What you return should be the complete data below, word for word, with no pictures in it.

Stored data:
───
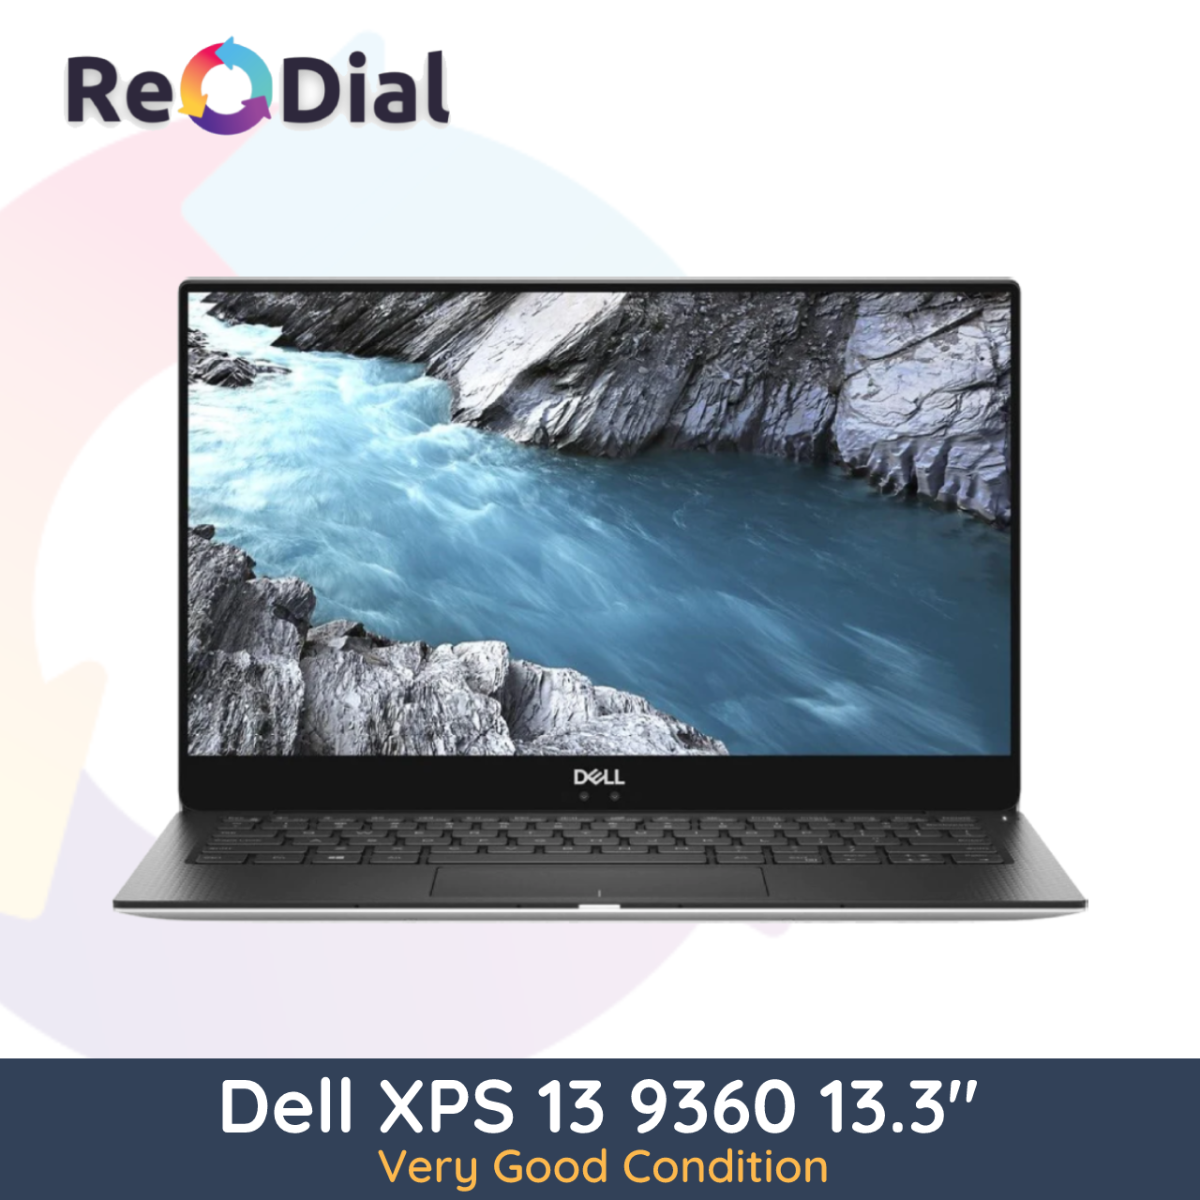 Dell XPS 13 9360 13.3" 256Gb 8Gb Ram - Wins 10 pro - Very Good Condition
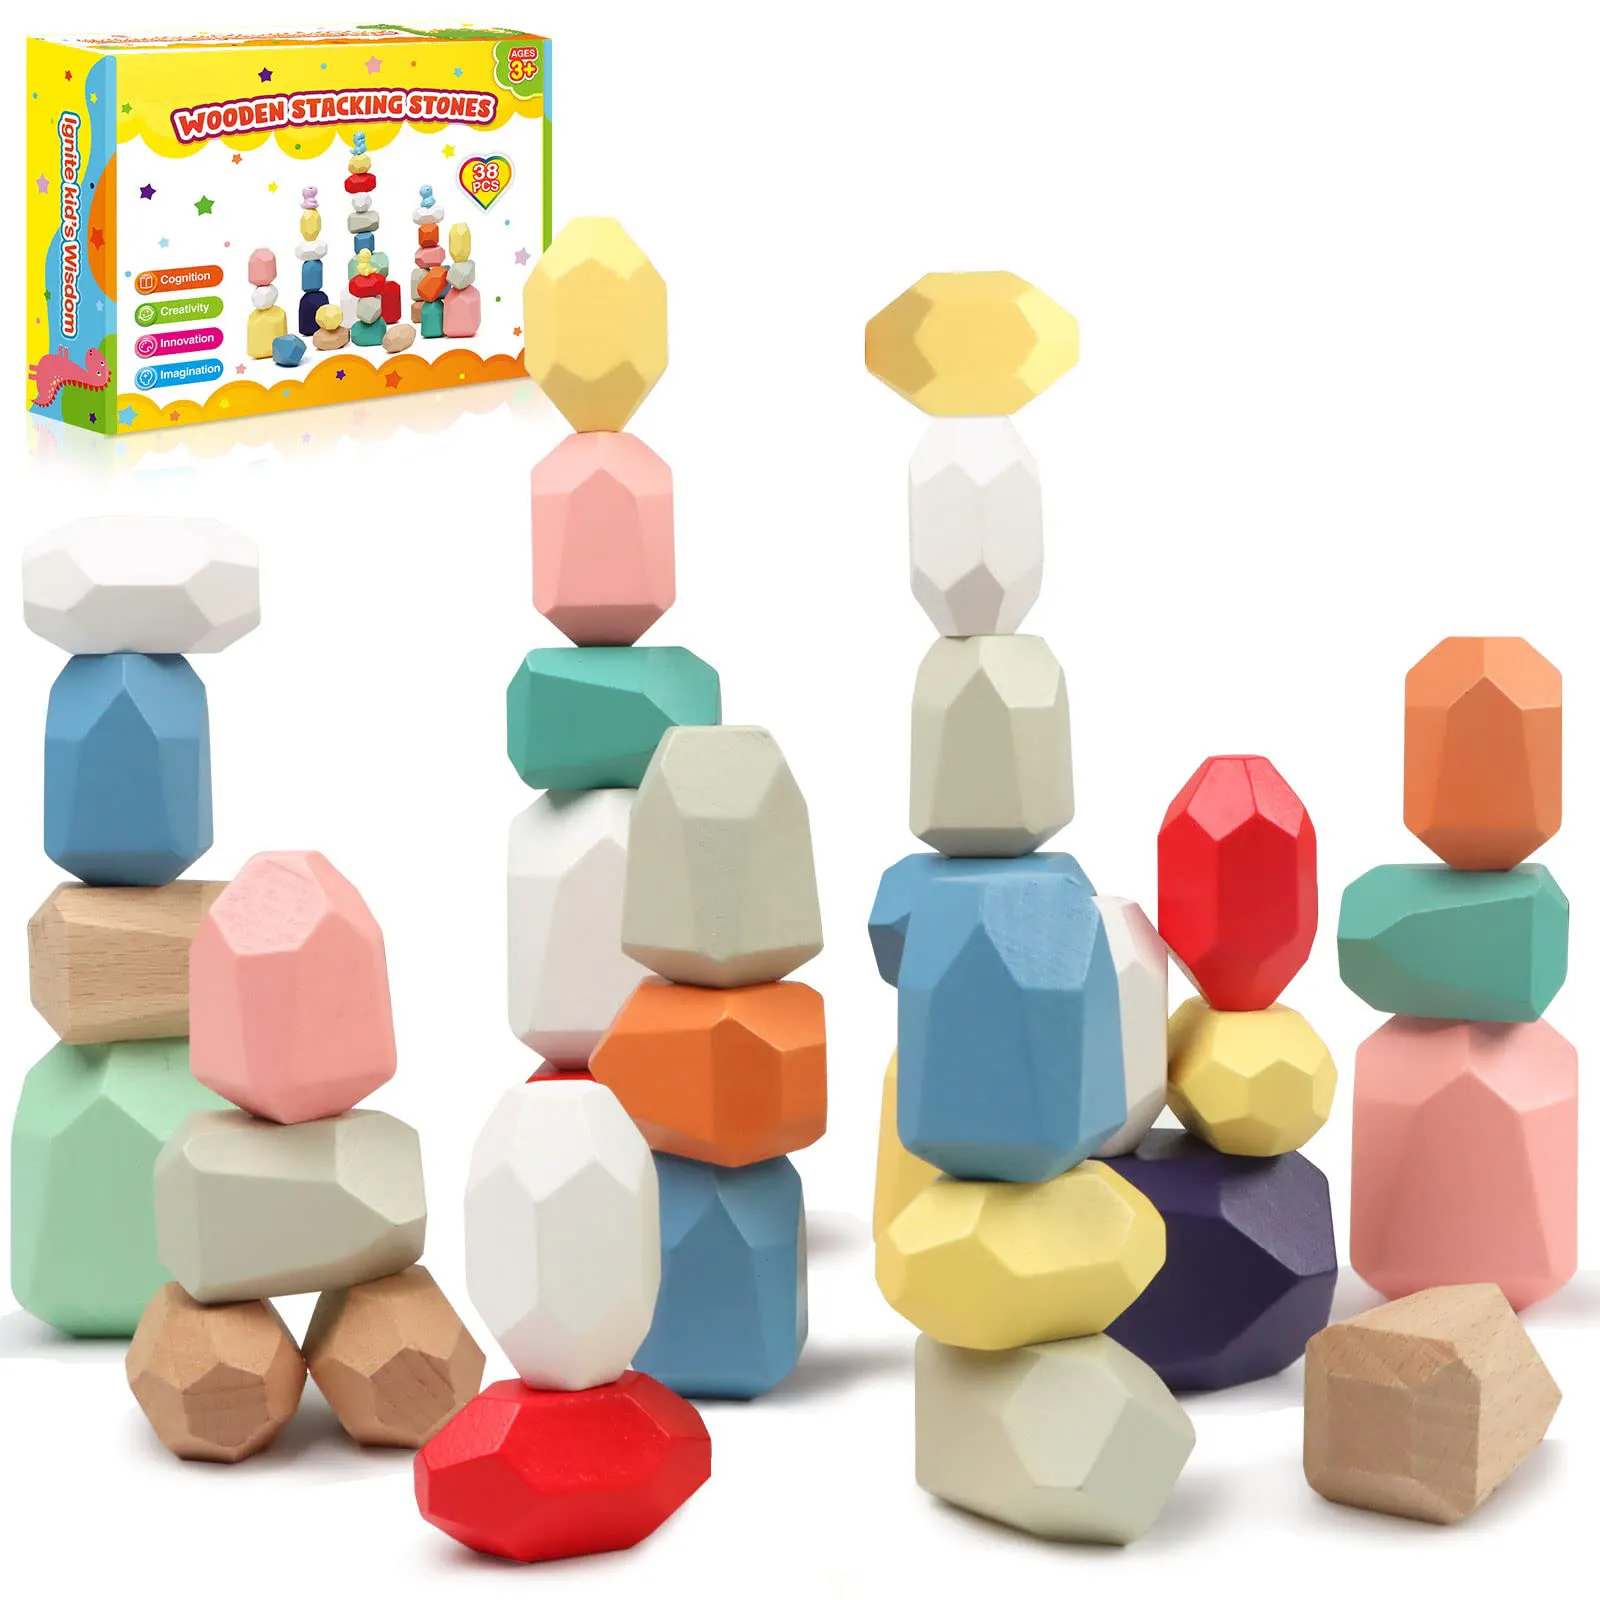 16 Colorful Wood Montessori Toy Building Block Set Stacking Stones Large Wooden Blocks children's education toys for Toddlers
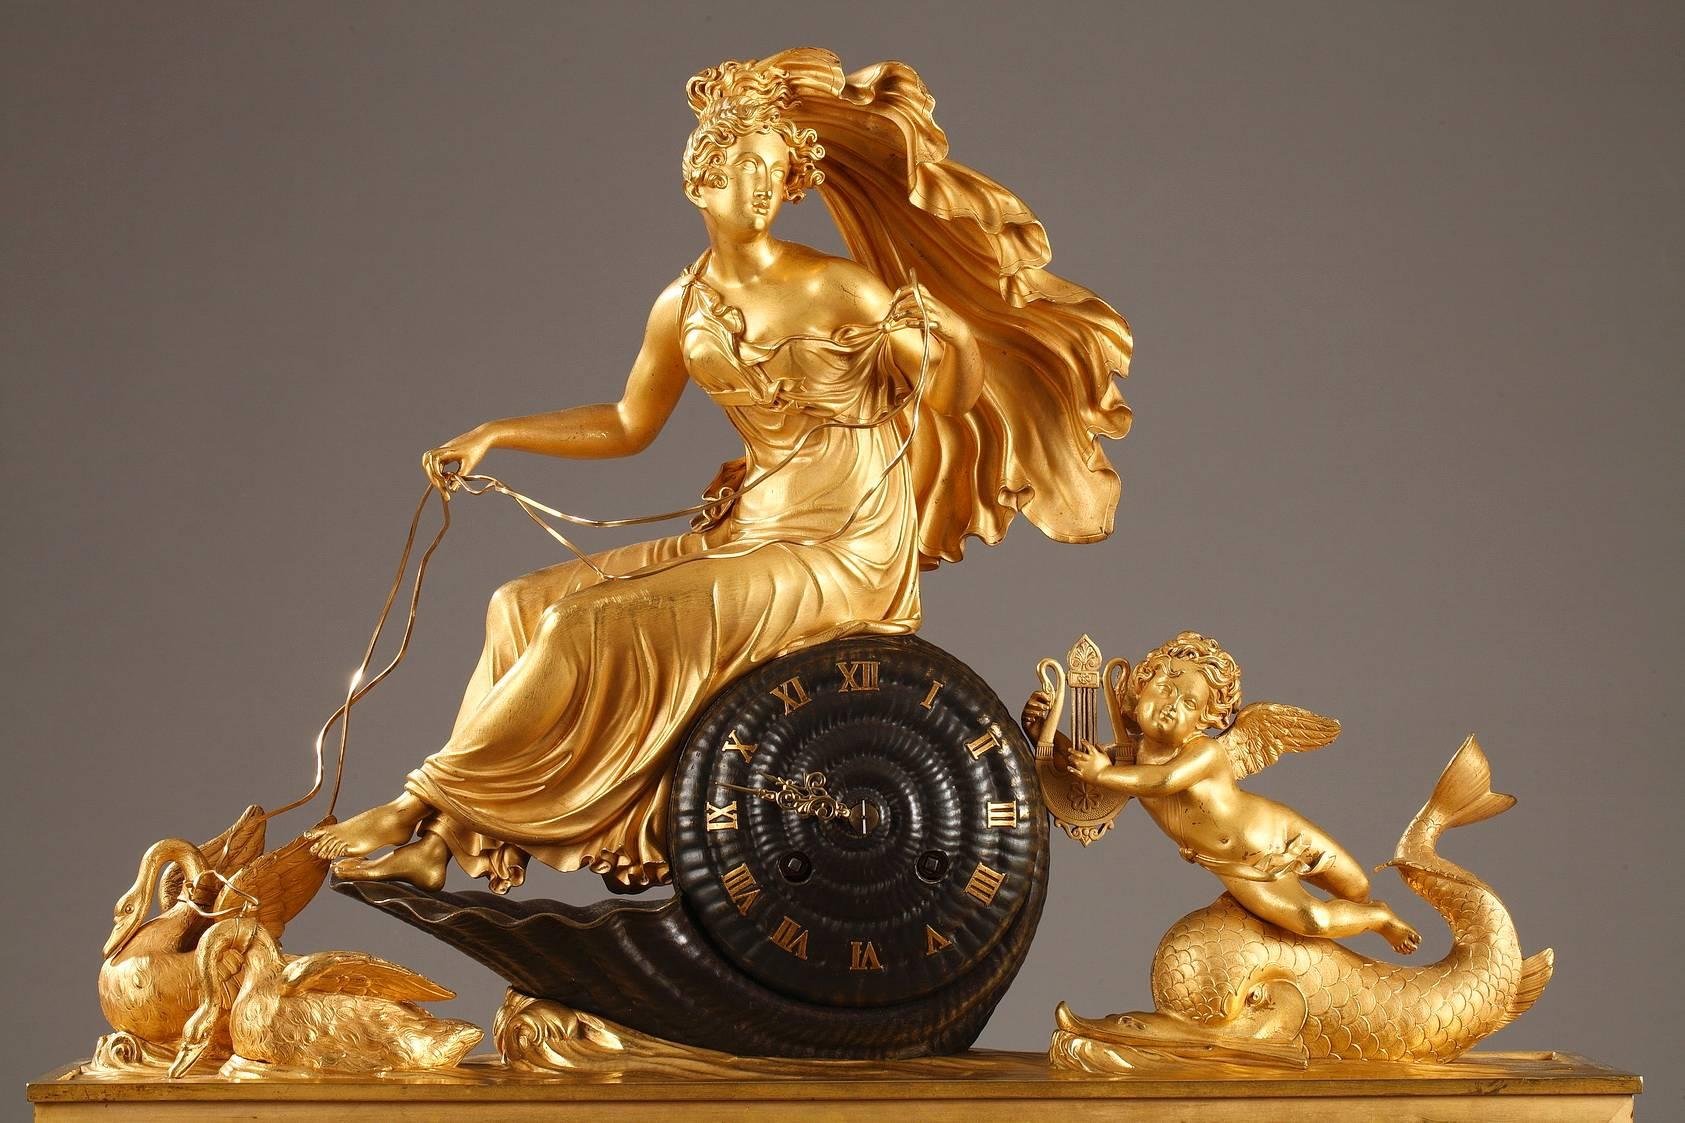 Early 19th century gilt and patinated bronze mantel clock. A young woman is seated on a shell that displays the clock dial, with Roman numerals for hours. Two swans pull the shell and Cupid on a dolphin push it. The set rests on a rectangular base
───
Reply to the task:
 Dell XPS 13 9360 13.3" 256Gb 8Gb Ram - Wins 10 pro - Very Good Condition
 16 Colorful Wood Montessori Toy Building Block Set Stacking Stones Large Wooden Blocks children's education toys for Toddlers
 Early 19th century gilt and patinated bronze mantel clock. A young woman is seated on a shell that displays the clock dial, with Roman numerals for hours. Two swans pull the shell and Cupid on a dolphin push it. The set rests on a rectangular base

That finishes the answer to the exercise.